Scientists are known for being pretty cautious people. But sometimes, even the most careful of us need to burn some things to the ground. Immunologists have proposed a plan to burn large swaths of parkland in an attempt to wipe out disease, as The New York Times reports. They described the problem in the journal Microbiology and Molecular Biology Reviews.

Chronic wasting disease (CWD) is a gruesome infection that’s been destroying deer and elk herds across North America. Like bovine spongiform encephalopathy (BSE, better known as mad cow disease) and Creutzfeldt-Jakob disease, CWD is caused by damaged, contagious little proteins called prions. Although it's been half a century since CWD was first discovered, scientists are still scratching their heads about how it works, how it spreads, and if, like BSE, it could someday infect humans.

Paper co-author Mark Zabel, of the Prion Research Center at Colorado State University, says animals with CWD fade away slowly at first, losing weight and starting to act kind of spacey. But "they’re not hard to pick out at the end stage," he told The New York Times. "They have a vacant stare, they have a stumbling gait, their heads are drooping, their ears are down, you can see thick saliva dripping from their mouths. It’s like a true zombie disease."

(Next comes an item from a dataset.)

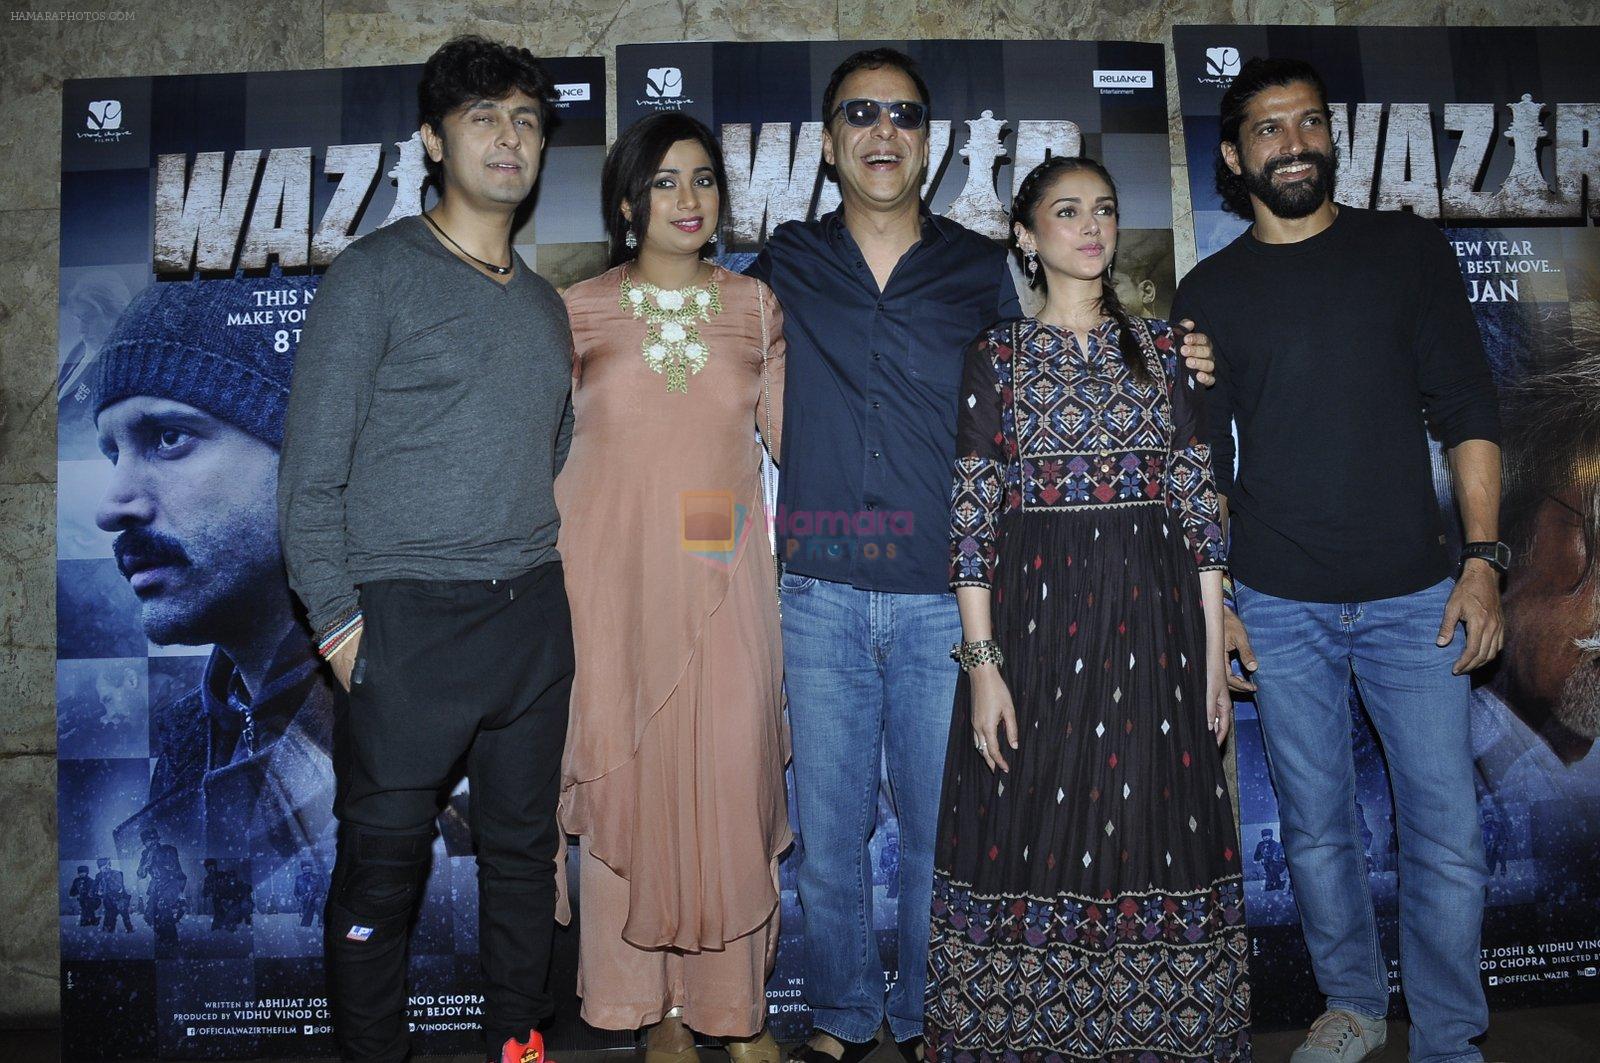 Aditi Rao Hydari, Farhan Akhtar, Shreya Ghoshal, Sonu Nigam, Vidhu Vinod Chopra at Wazir film promotions on 4th Dec 2015
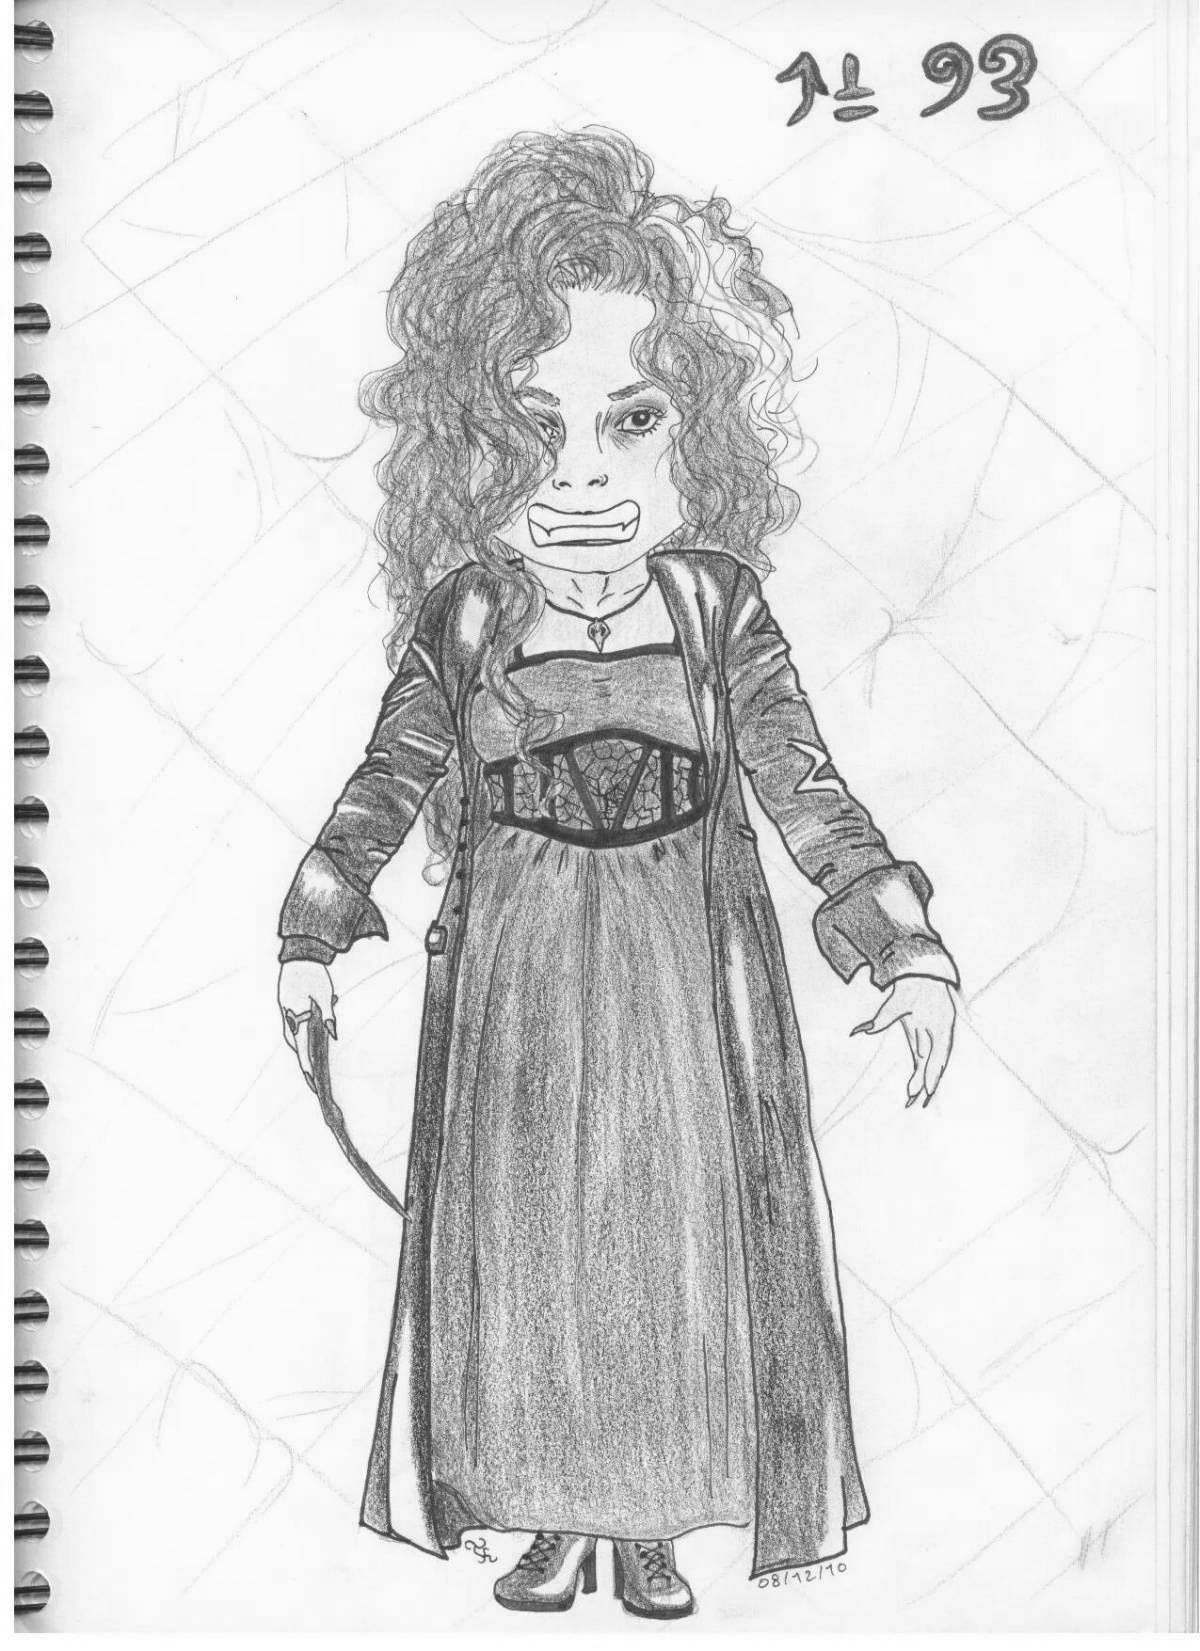 Bellatrix Lestrange's wonderful coloring book

CWD has already been spotted in 24 U.S. states. Some herds are already 50 percent infected, and that number is only growing.

Prion illnesses often travel from one infected individual to another, but CWD’s expansion was so rapid that scientists began to suspect it had more than one way of finding new animals to attack.

Sure enough, it did. As it turns out, the CWD prion doesn’t go down with its host-animal ship. Infected animals shed the prion in their urine, feces, and drool. Long after the sick deer has died, others can still contract CWD from the leaves they eat and the grass in which they stand.

As if that’s not bad enough, CWD has another trick up its sleeve: spontaneous generation. That is, it doesn’t take much damage to twist a healthy prion into a zombifying pathogen. The illness just pops up.

There are some treatments, including immersing infected tissue in an ozone bath. But that won't help when the problem is literally smeared across the landscape. "You cannot treat half of the continental United States with ozone," Zabel said.

And so, to combat this many-pronged assault on our wildlife, Zabel and his colleagues are getting aggressive. They recommend a controlled burn of infected areas of national parks in Colorado and Arkansas—a pilot study to determine if fire will be enough.

"If you eliminate the plants that have prions on the surface, that would be a huge step forward," he said. "I really don’t think it’s that crazy."